**What you will do**
Reproduce the listing exactly. Omit pictures.

**Supplied information**
══════════
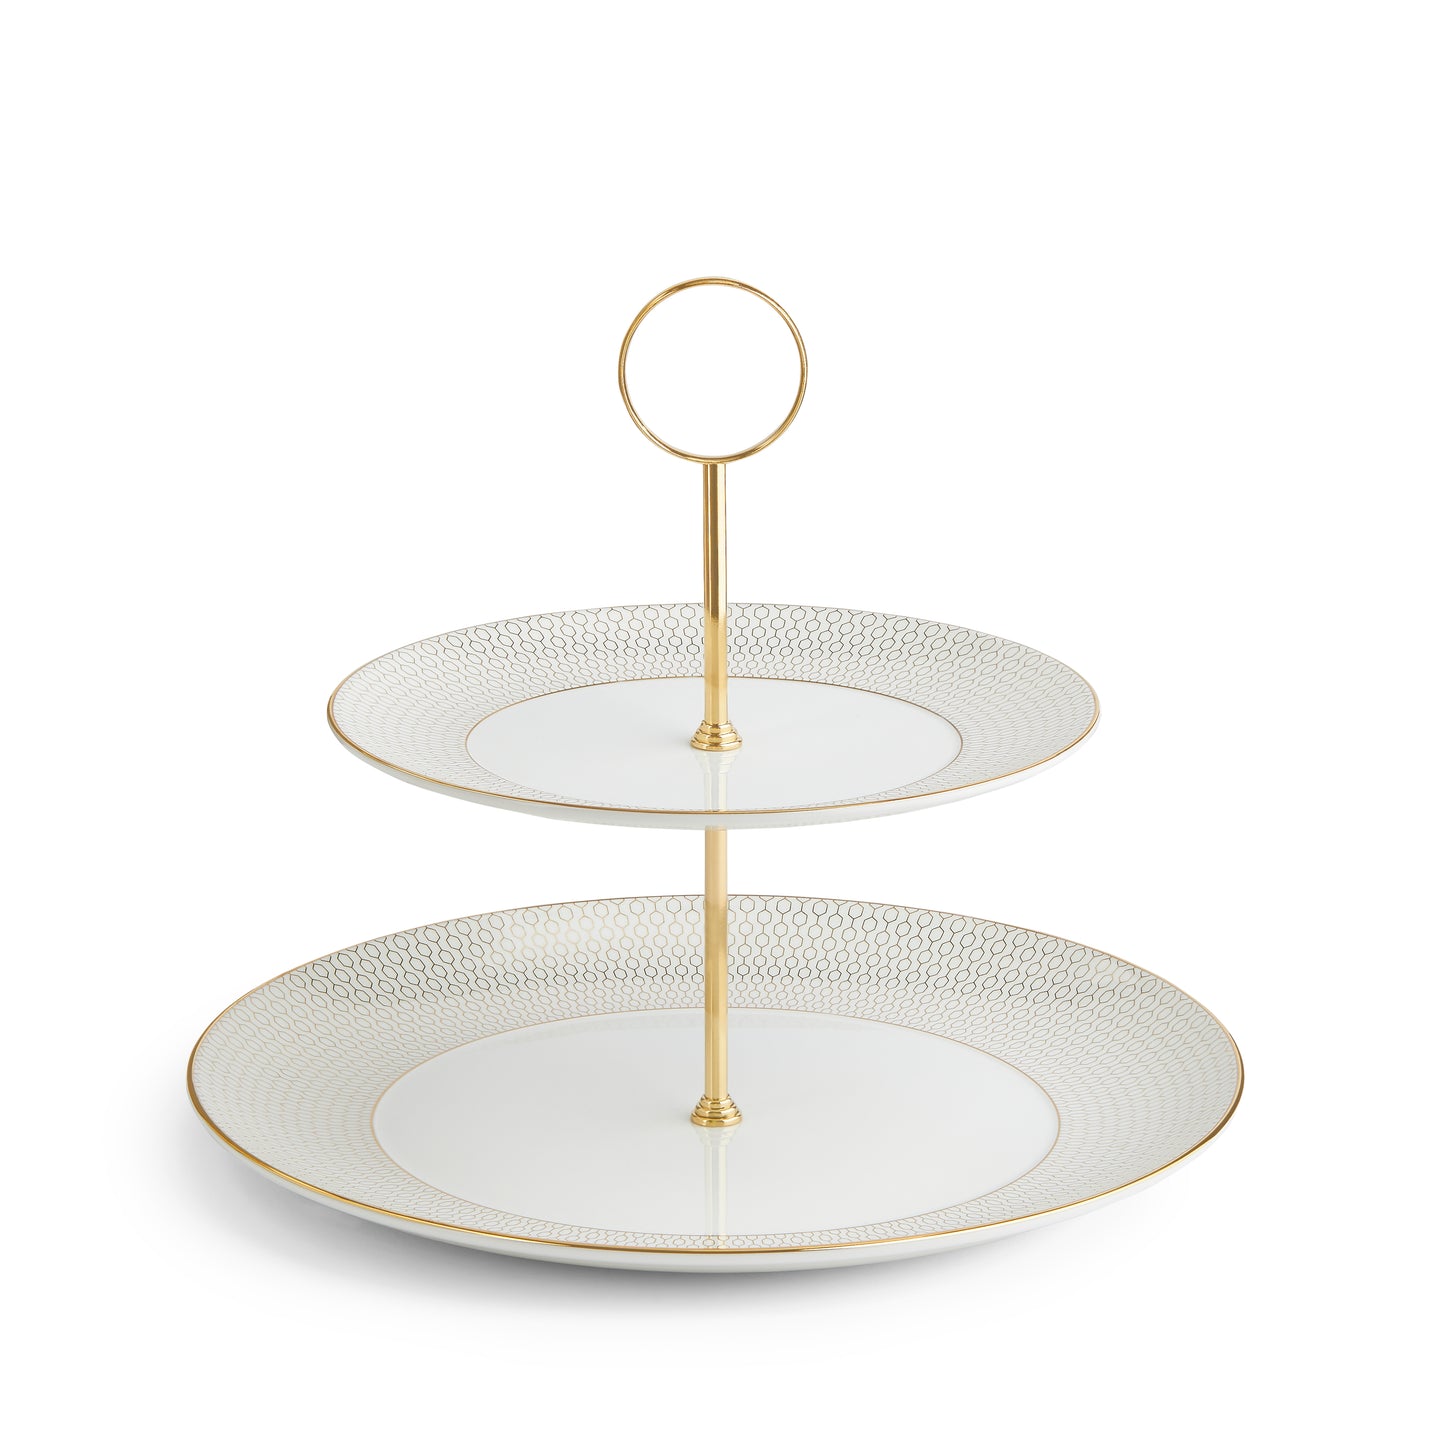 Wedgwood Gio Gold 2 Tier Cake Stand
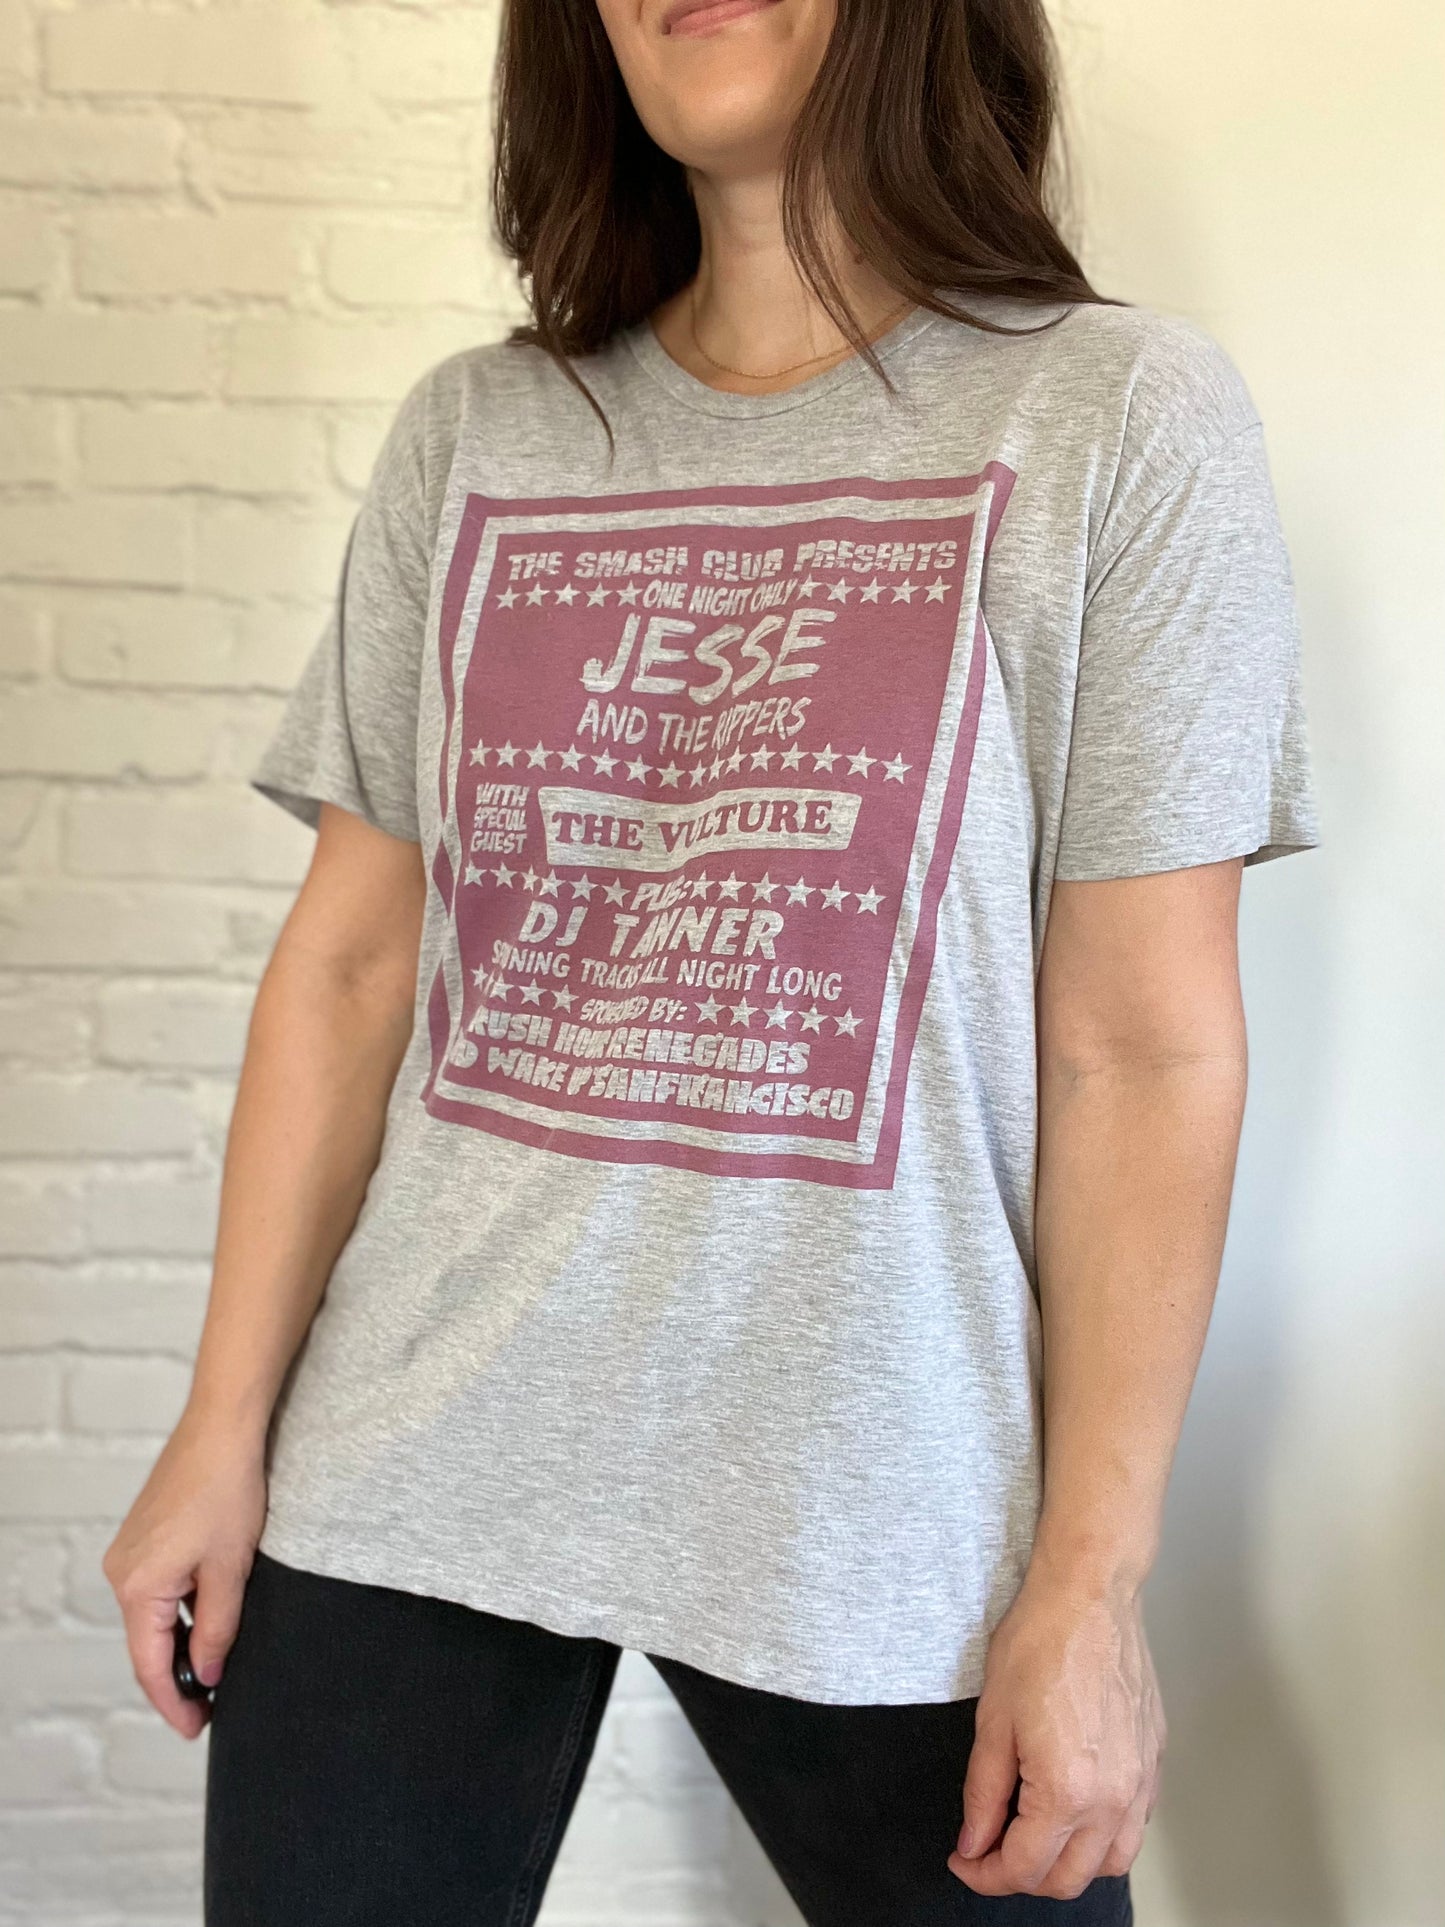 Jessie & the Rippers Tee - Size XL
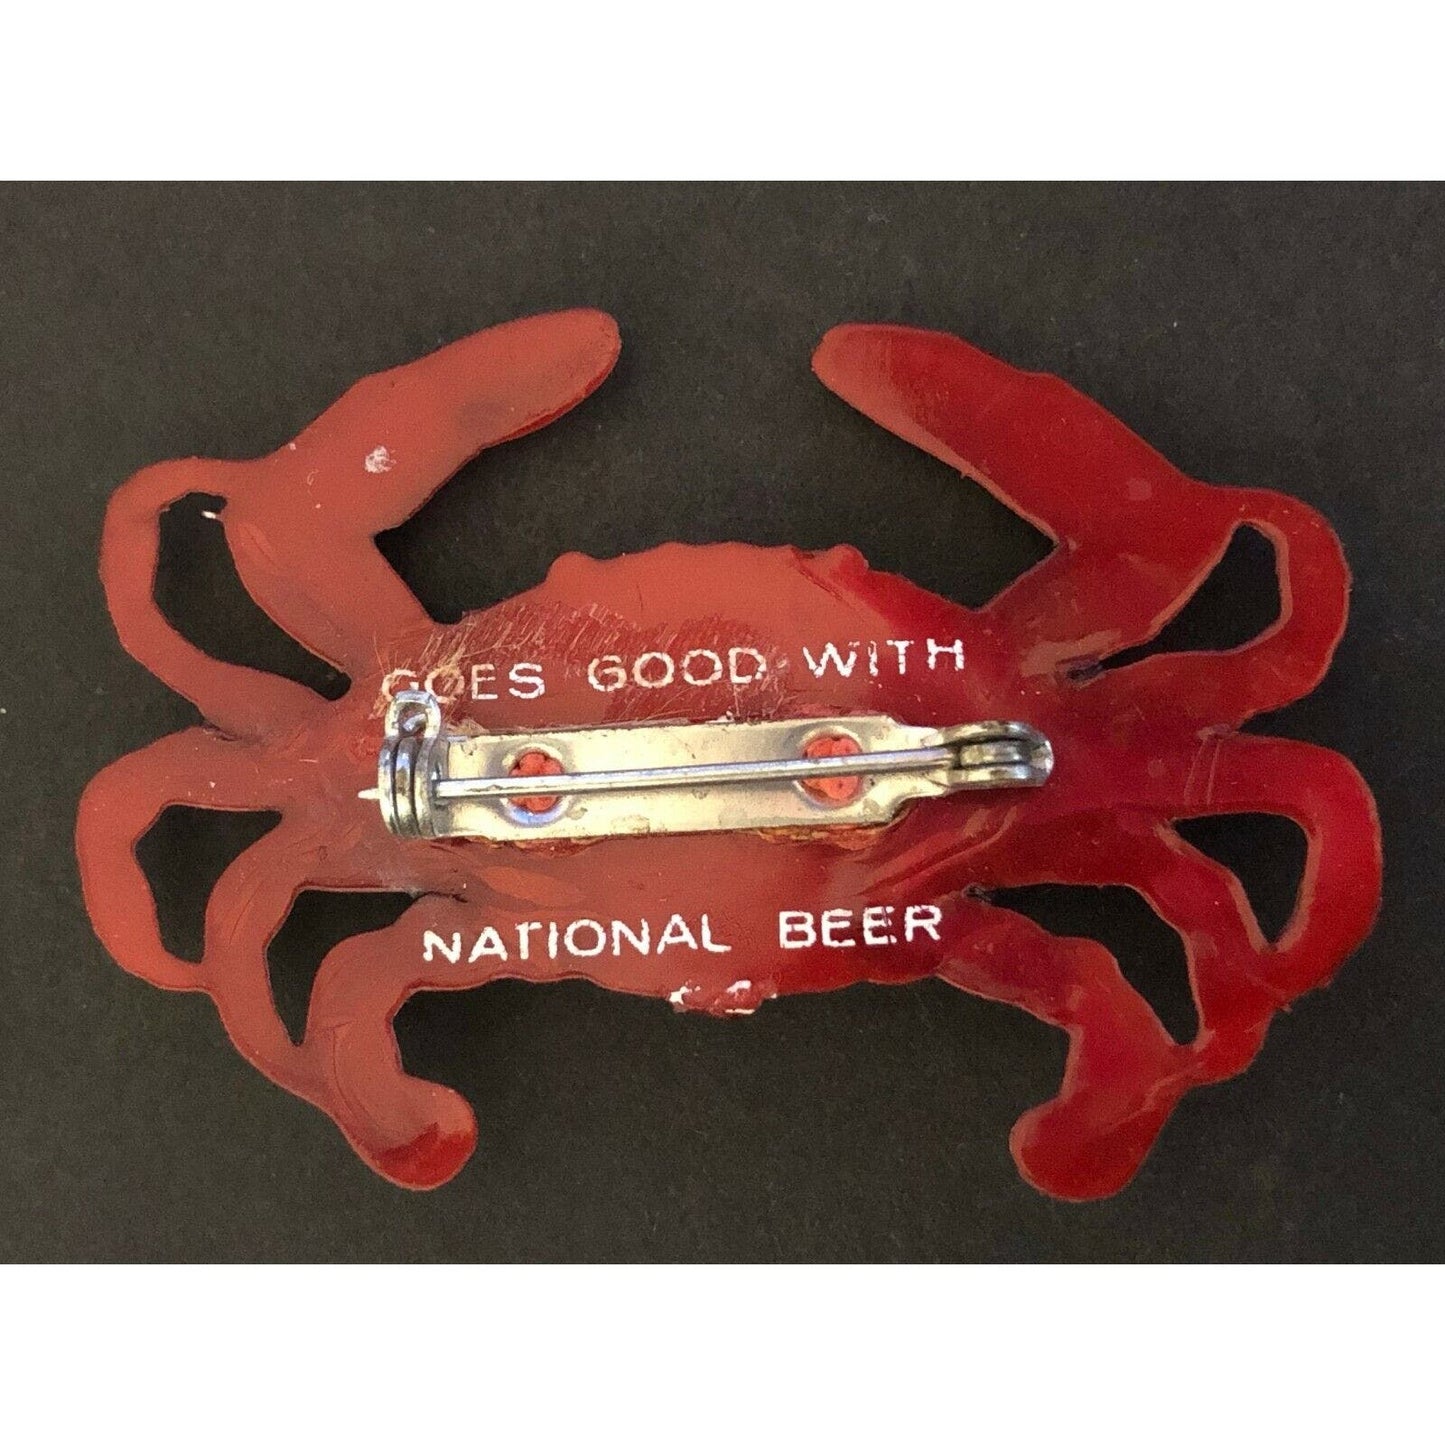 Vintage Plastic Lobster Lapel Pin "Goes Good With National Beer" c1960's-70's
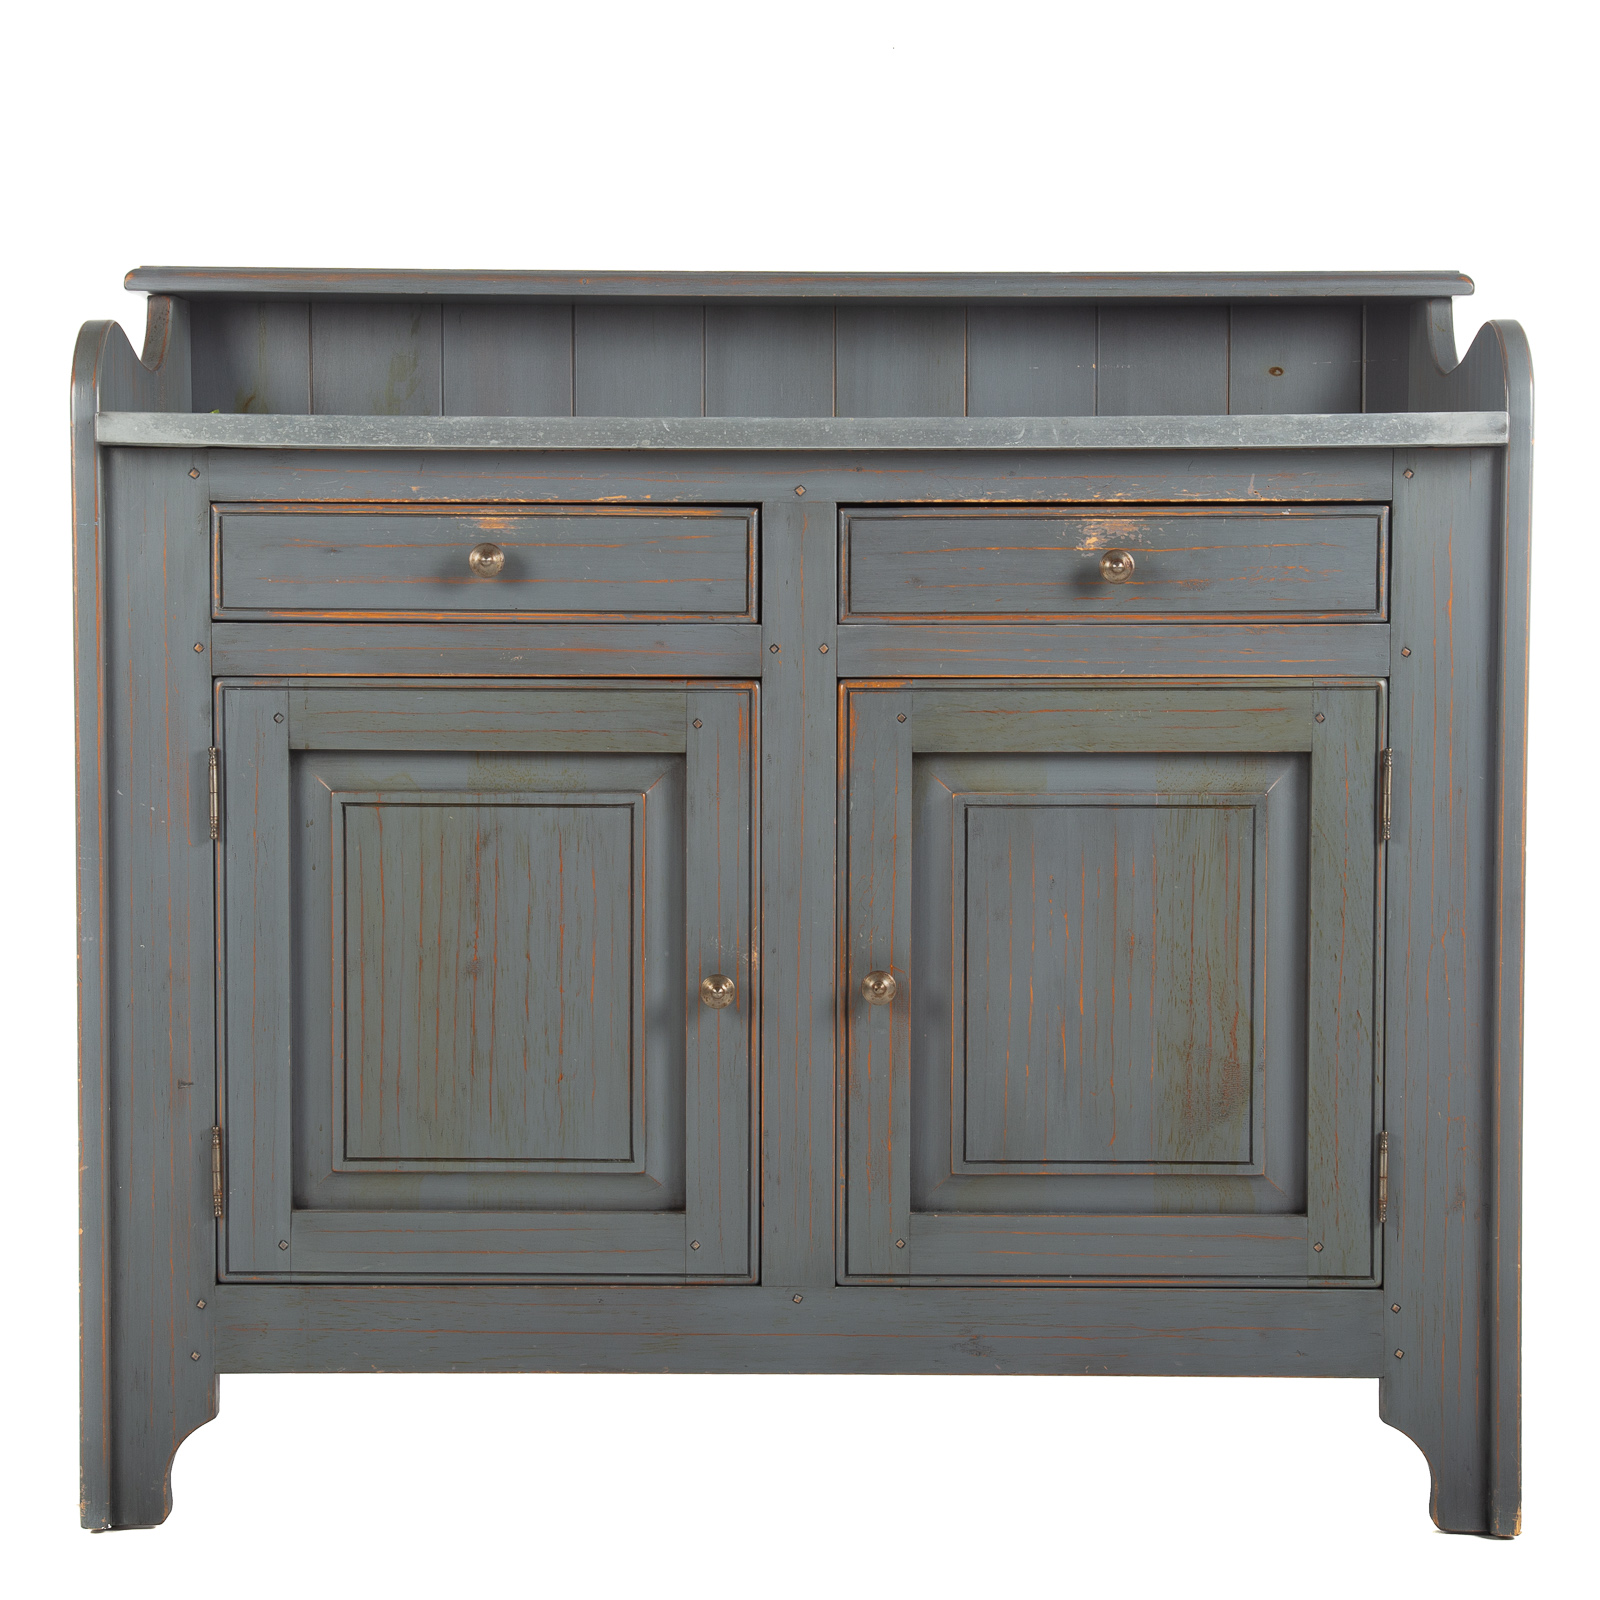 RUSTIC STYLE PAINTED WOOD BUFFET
══════════
**Answer for the task**
 Wedgwood Gio Gold 2 Tier Cake Stand
 Jessie & the Rippers Tee - Size XL
 Vintage Plastic Lobster Lapel Pin "Goes Good With National Beer" c1960's-70's
 RUSTIC STYLE PAINTED WOOD BUFFET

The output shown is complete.